2. The rising of the chart as it moves towards the purple is also indicating a bias towards the purple end.
3. The use of "purely positive" for the red end, while avoiding terms like "aversive", etc at the purple end, is again biased. It is stressing training method limitations used at the red end while evading the extreme training methods used at the purple end.
4. The descriptors are misleading and biased. They suggest that those towards the red end train using only one method (giving treats) for all dogs in all circumstances while those towards the purple end are "training the dog in front of them" and are more willing to adjust their methods. That suggestion is completely untrue as there are trainers on the purple end use one method (punishment) for all dogs in all circumstances while there are trainers on the red end who will adjust their methods for a specific dog in a specific circumstance.
5. While the paragraph below the spectrum indicates that the color you identify with is based on the tools you use, no where does it really indicate what tools fit with what color. Instead it clumps all tools (clickers, flat collars, harnesses, prong collars, e-collars, leashes, etc) together as if they are all equal. The only tool it singles out is treat rewarding. And that is done in a biased manner (see points above).
6. It fails to incorporate all the other aspects of training such as counter conditioning, resolving issues underlying unwanted/inappropriate behaviors,, setting up for success, praise, etc.

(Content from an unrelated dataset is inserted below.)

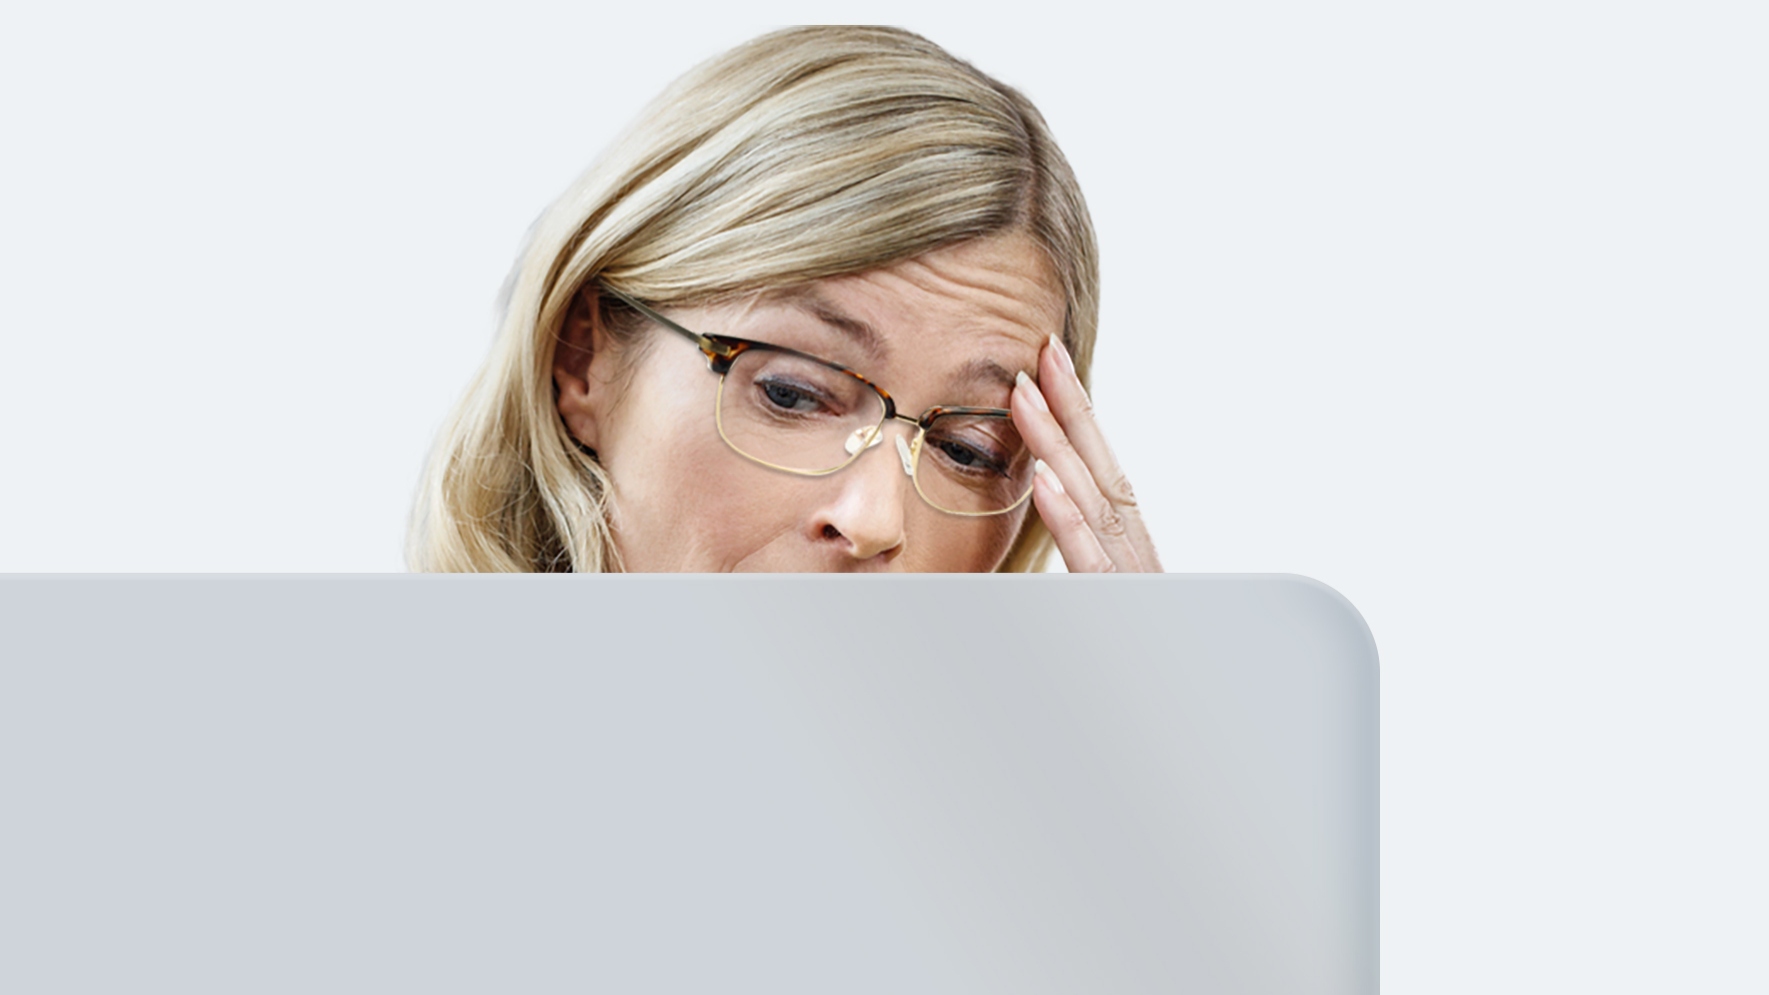 A middle-aged woman with long blonde hair wearing distance glasses is experiencing eyestrain because her lenses are not made for staring at a screen all day.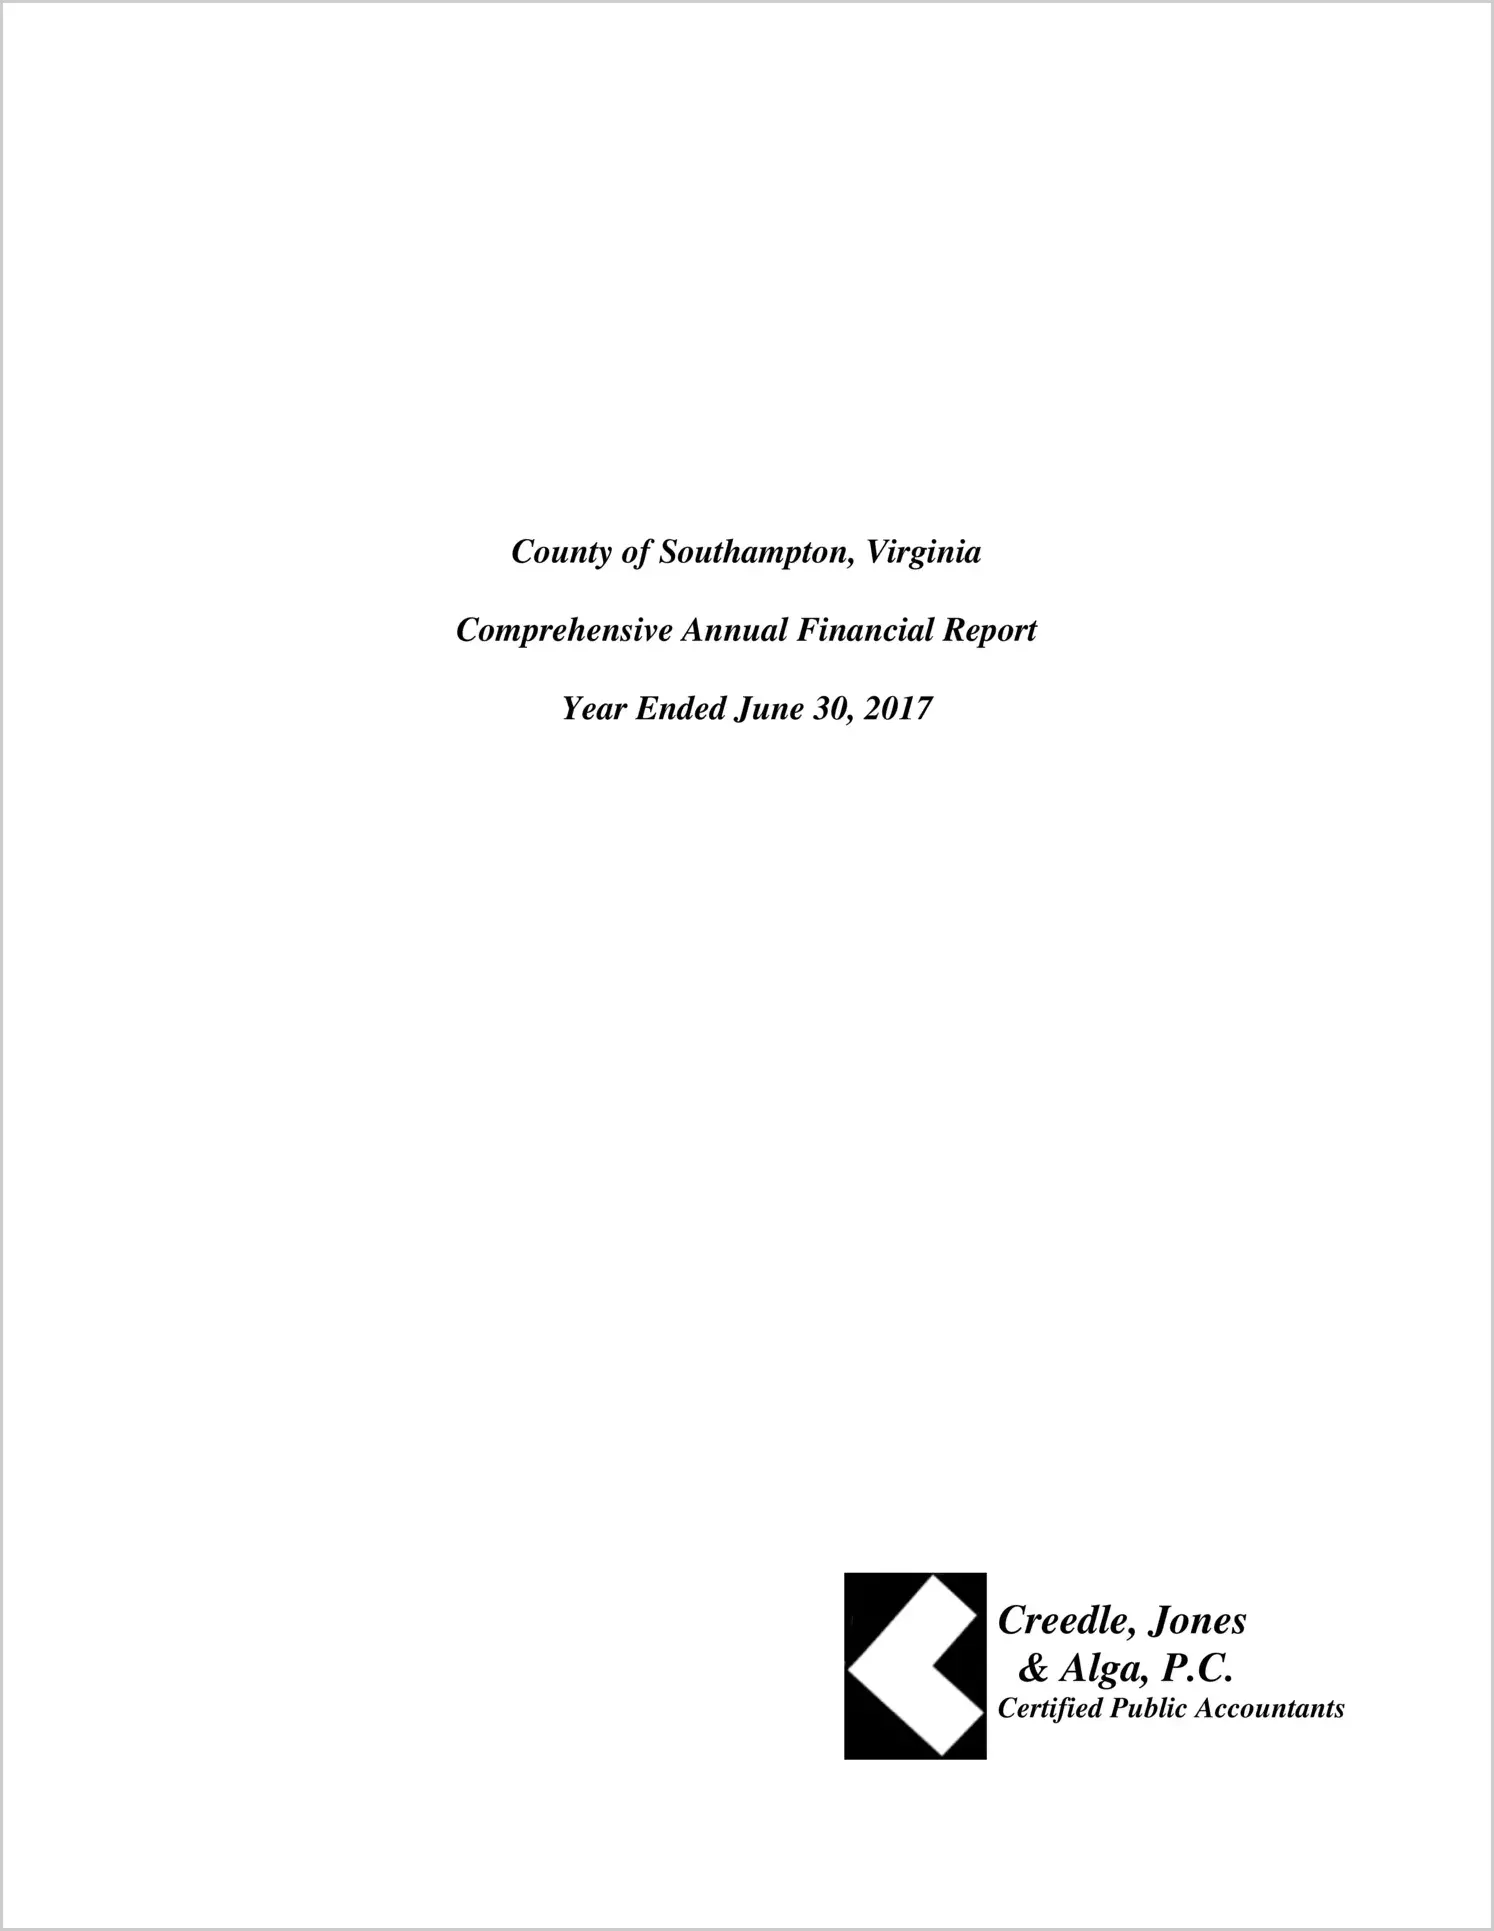 2017 Annual Financial Report for County of Southampton

In the end, I think it is a passive aggressive justification for those who consider themselves in the green and blue sections. It dismisses those n the yellow to red sections as emotional, limited, and less than desirable. While it singles out the purple as purely negative, it puts all other corrections and punishments in the "good" green and blue sections. And, just like the term "balanced trainer", it suggests that using aversive tools like prong collars and e-collars is good as long as you also reward good behavior regardless of how much of either you actually utilize on a regular basis.